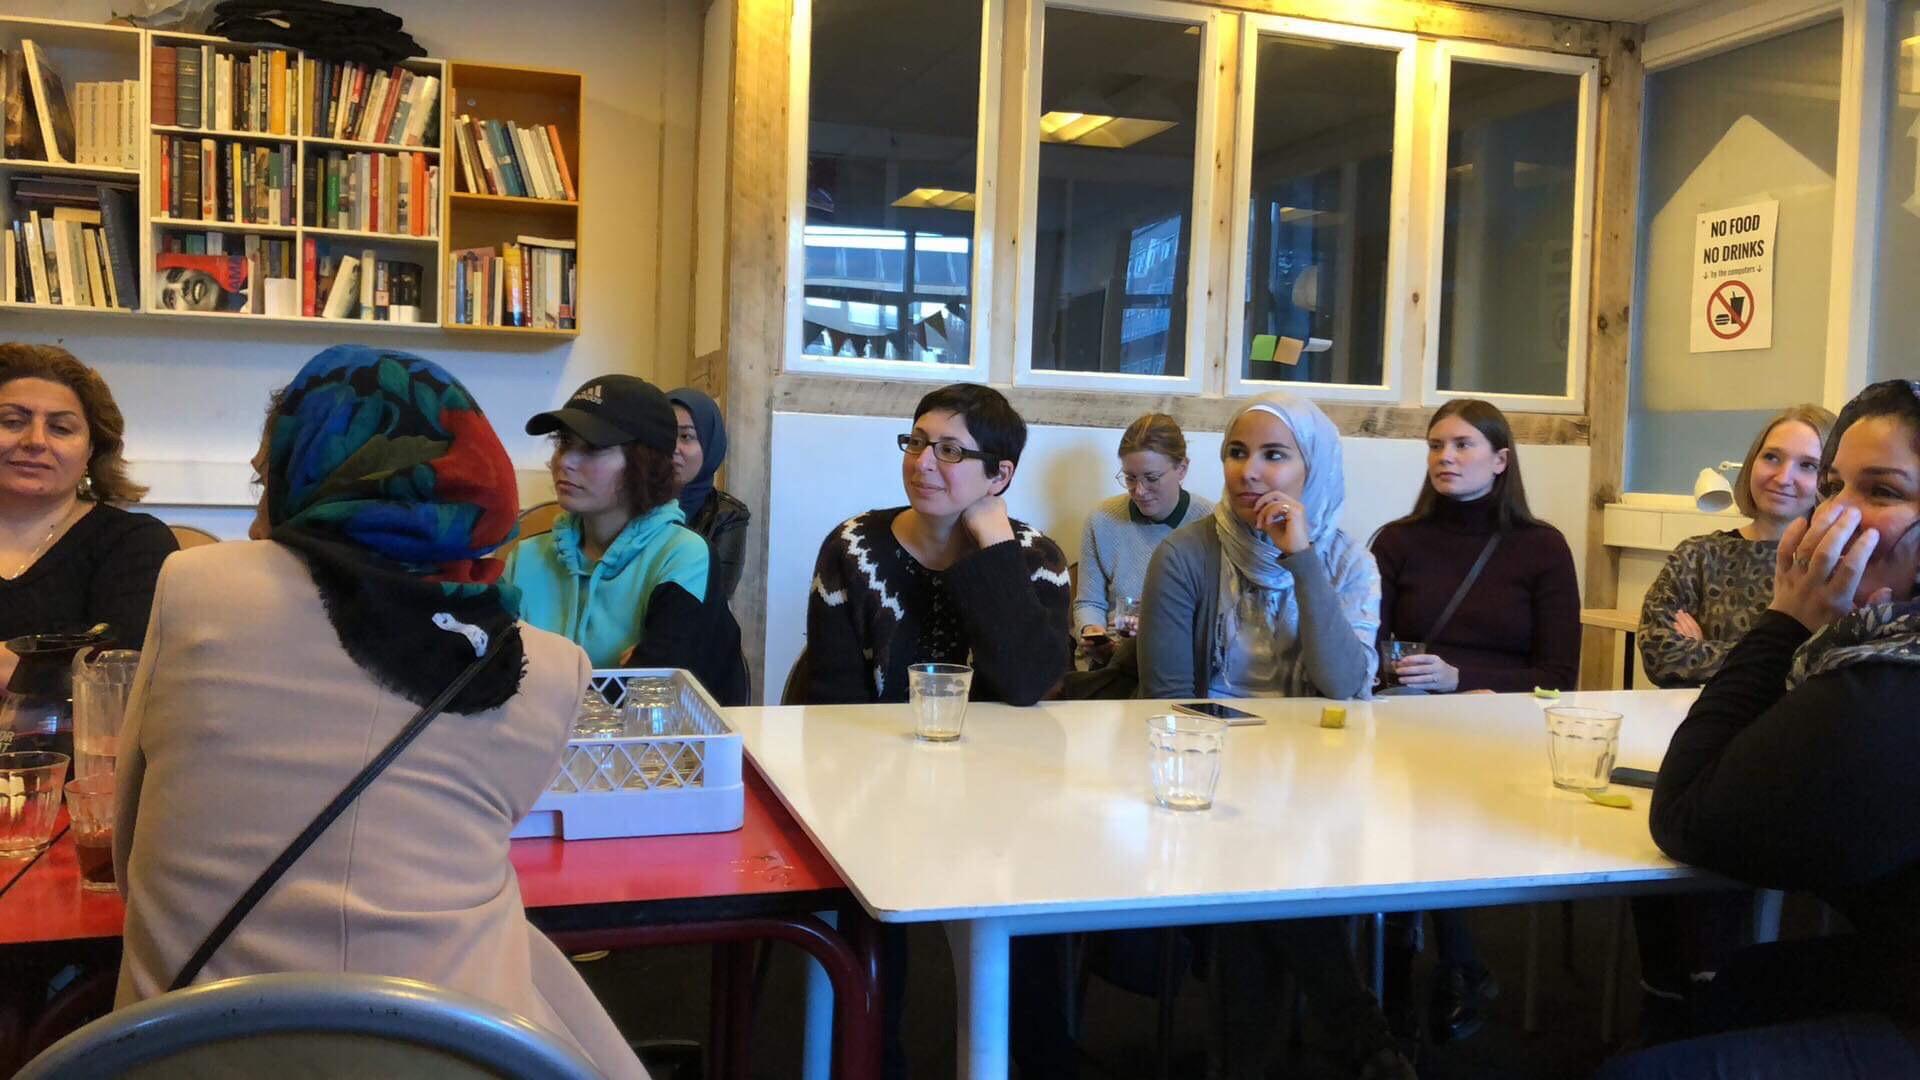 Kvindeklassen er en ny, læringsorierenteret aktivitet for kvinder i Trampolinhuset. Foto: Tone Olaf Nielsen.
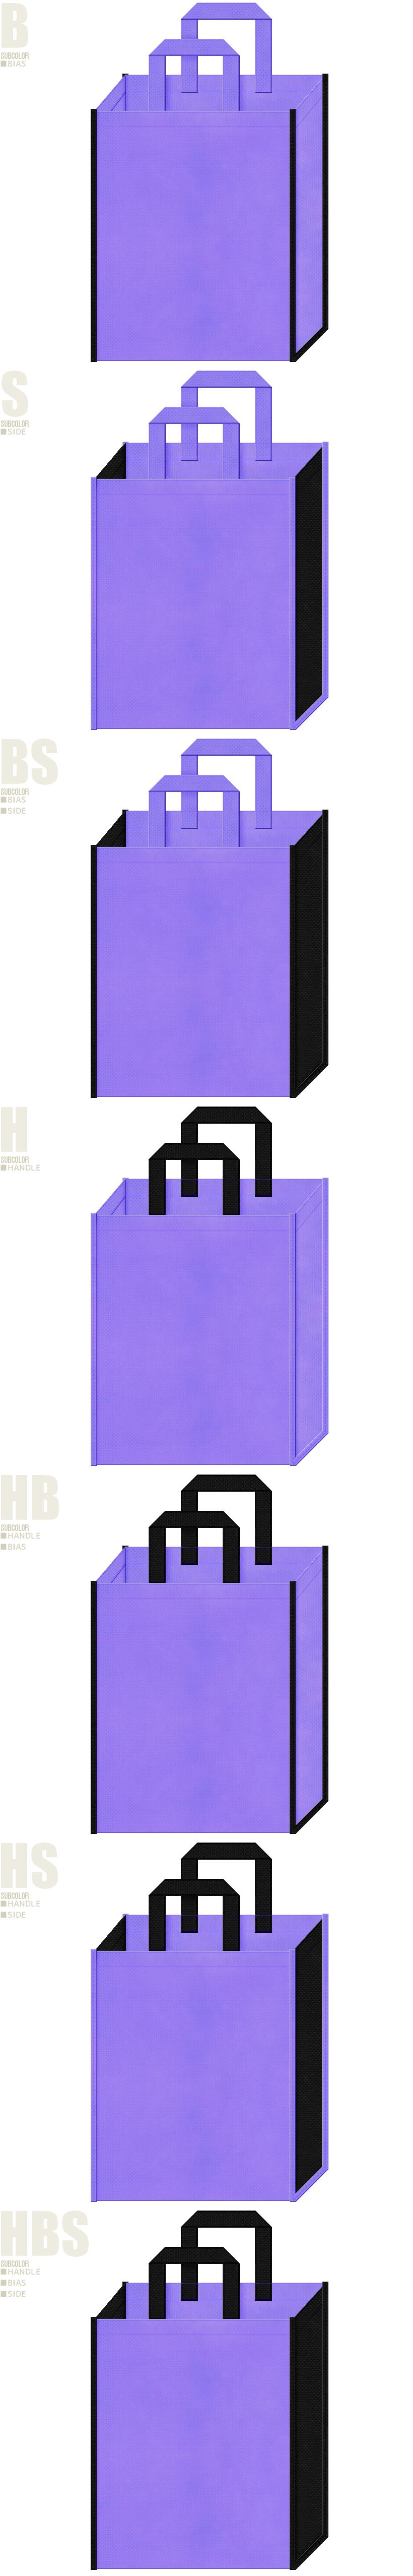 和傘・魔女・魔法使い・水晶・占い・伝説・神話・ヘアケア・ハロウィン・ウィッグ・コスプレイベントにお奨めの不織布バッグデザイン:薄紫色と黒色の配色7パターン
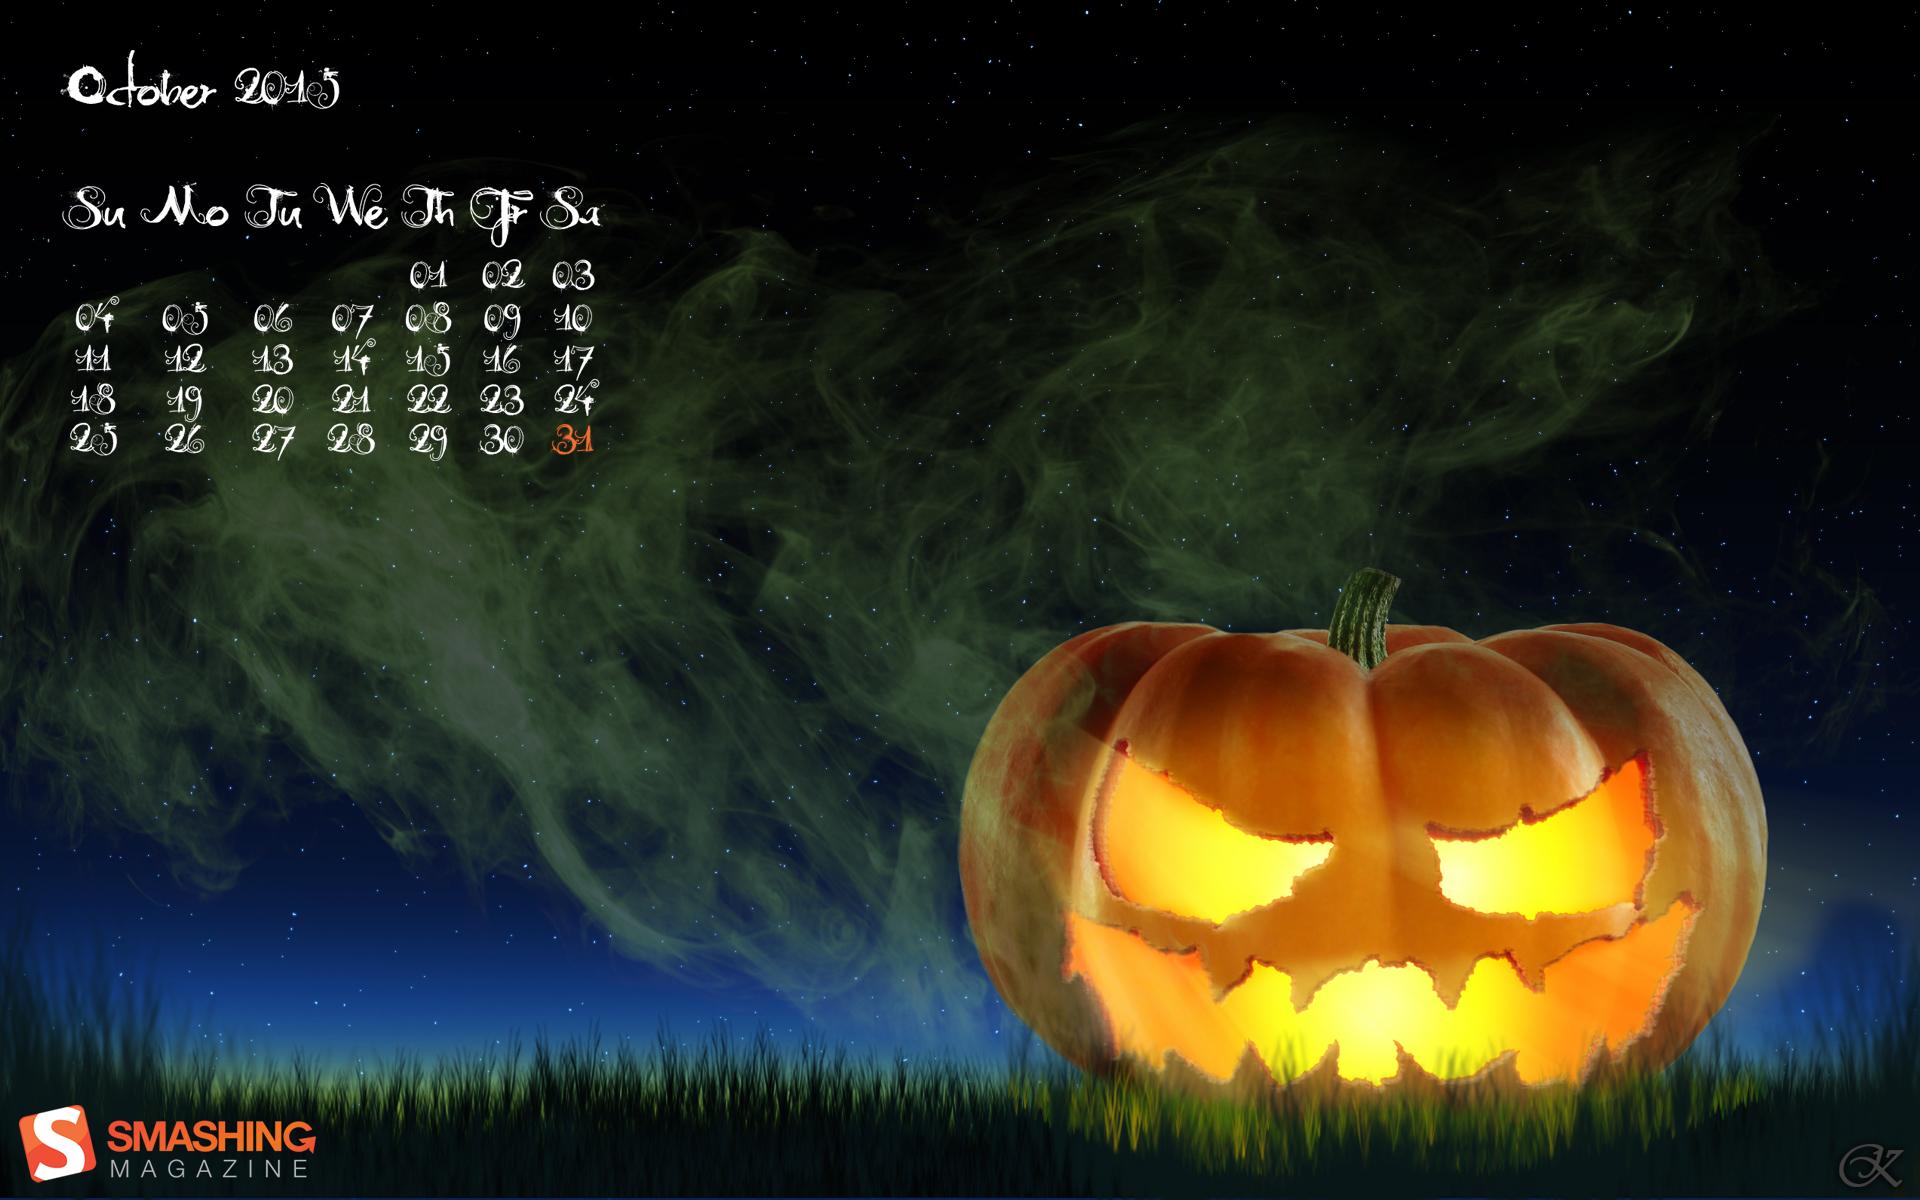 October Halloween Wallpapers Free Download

----------------------------------------

Your objective:
Write out every line of the listing exactly as written, and leave the pictures out.

Reply to the task:
 Kvindeklassen er en ny, læringsorierenteret aktivitet for kvinder i Trampolinhuset. Foto: Tone Olaf Nielsen.
 和傘・魔女・魔法使い・水晶・占い・伝説・神話・ヘアケア・ハロウィン・ウィッグ・コスプレイベントにお奨めの不織布バッグデザイン:薄紫色と黒色の配色7パターン
 October Halloween Wallpapers Free Download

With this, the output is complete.